### DATA SHOWN
- - - - -
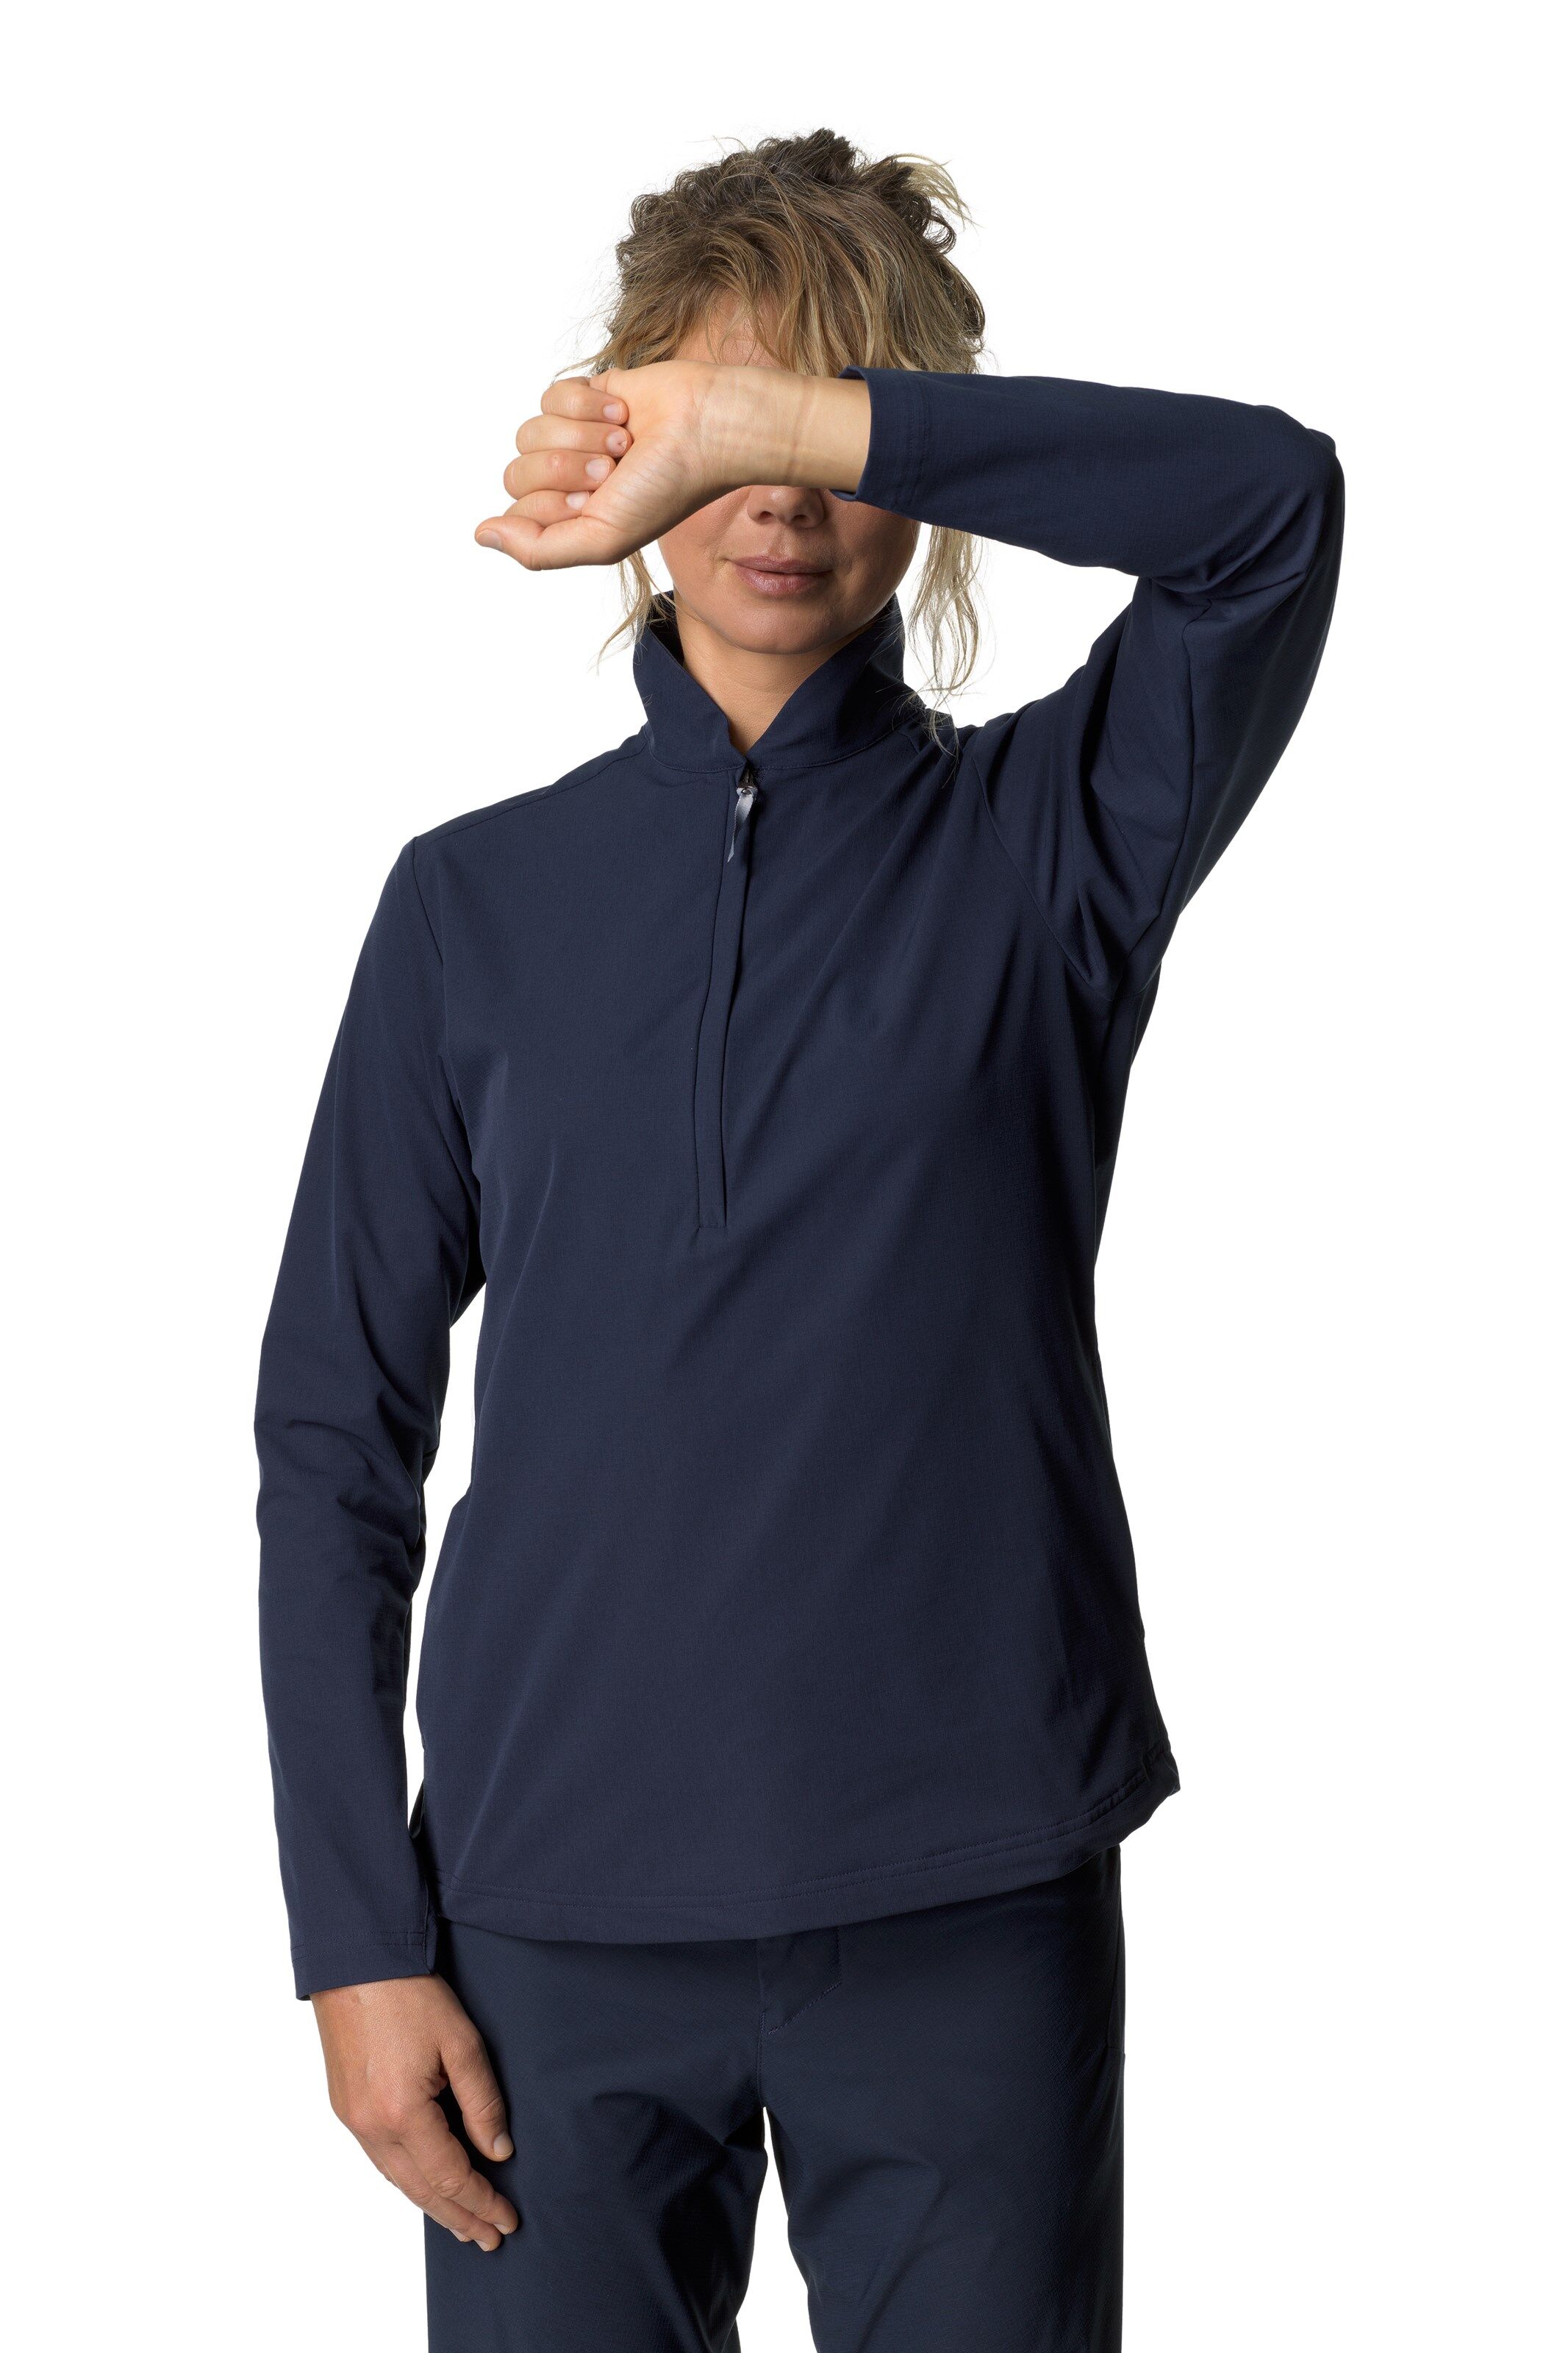 Houdini Daybreak Pullover, jakke / skjorte dame Blue Illusion 149854 S 2020
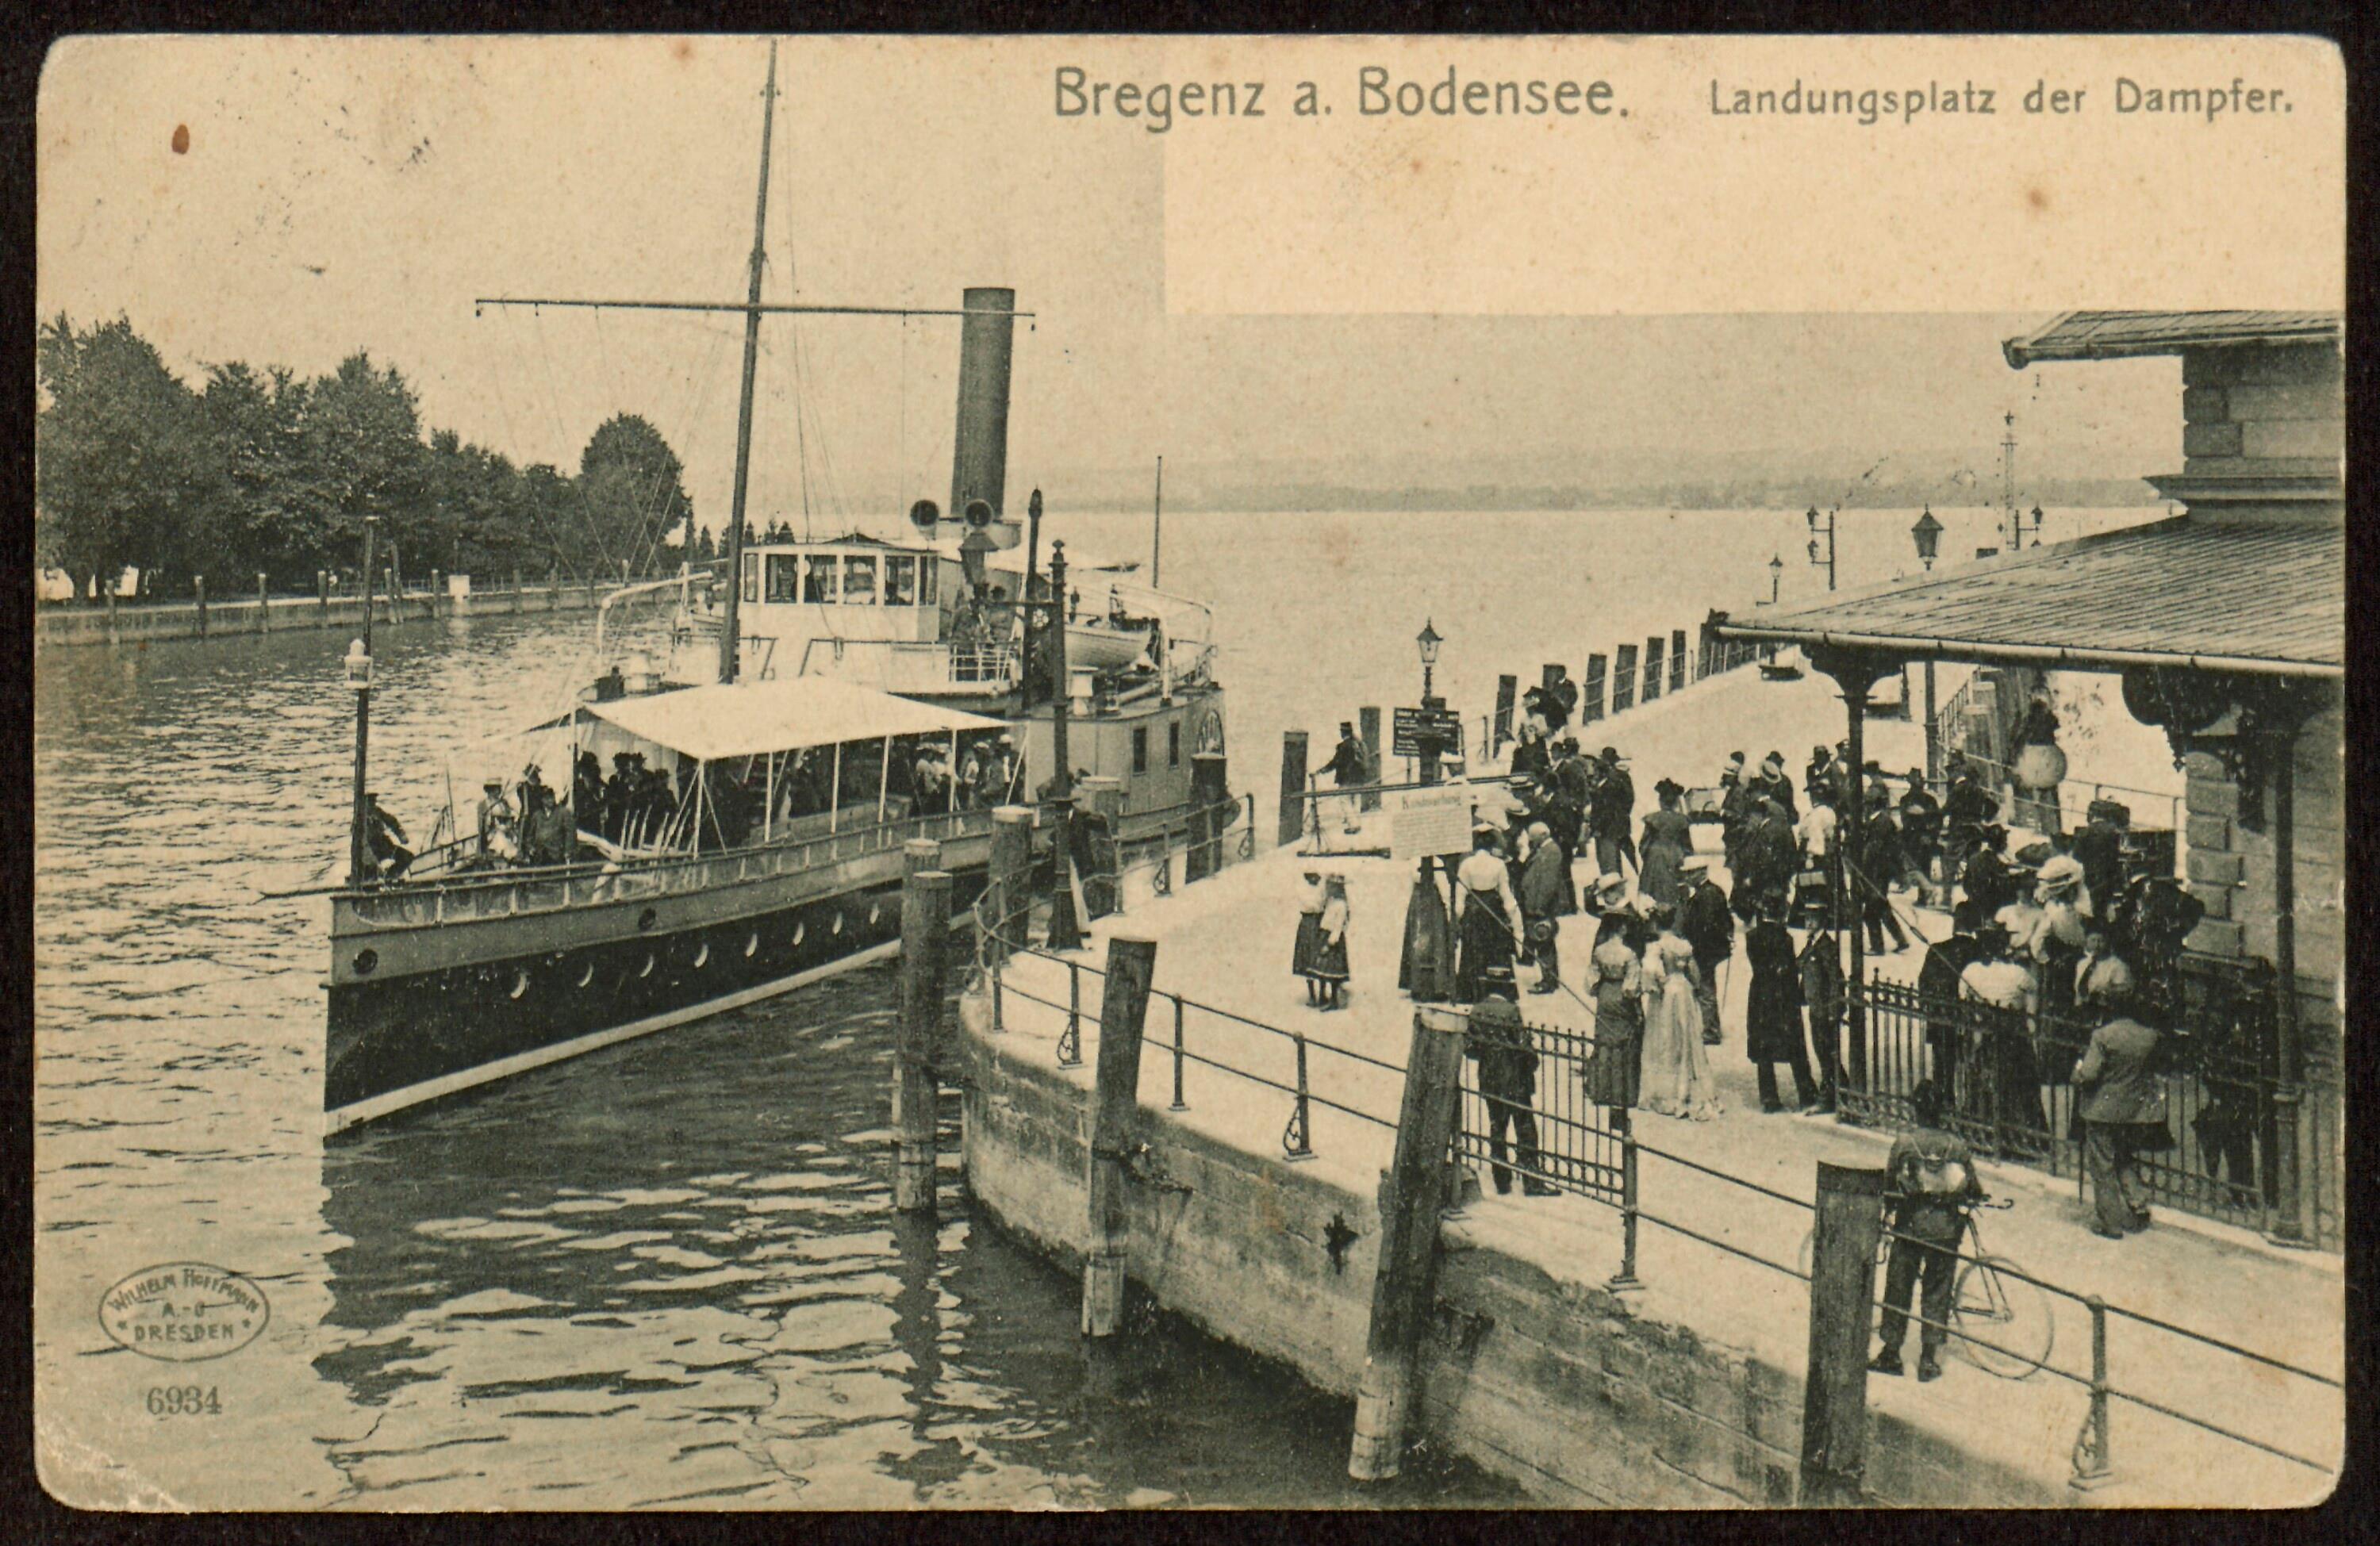 Bregenz a. Bodensee></div>


    <hr>
    <div class=
- - - - -
### EXERCISE
Retype each line above exactly. Leave the images out.

### RESPONSE TO THE EXERCISE
 Houdini Daybreak Pullover, jakke / skjorte dame Blue Illusion 149854 S 2020
 Bregenz a. Bodensee></div>


    <hr>
    <div class=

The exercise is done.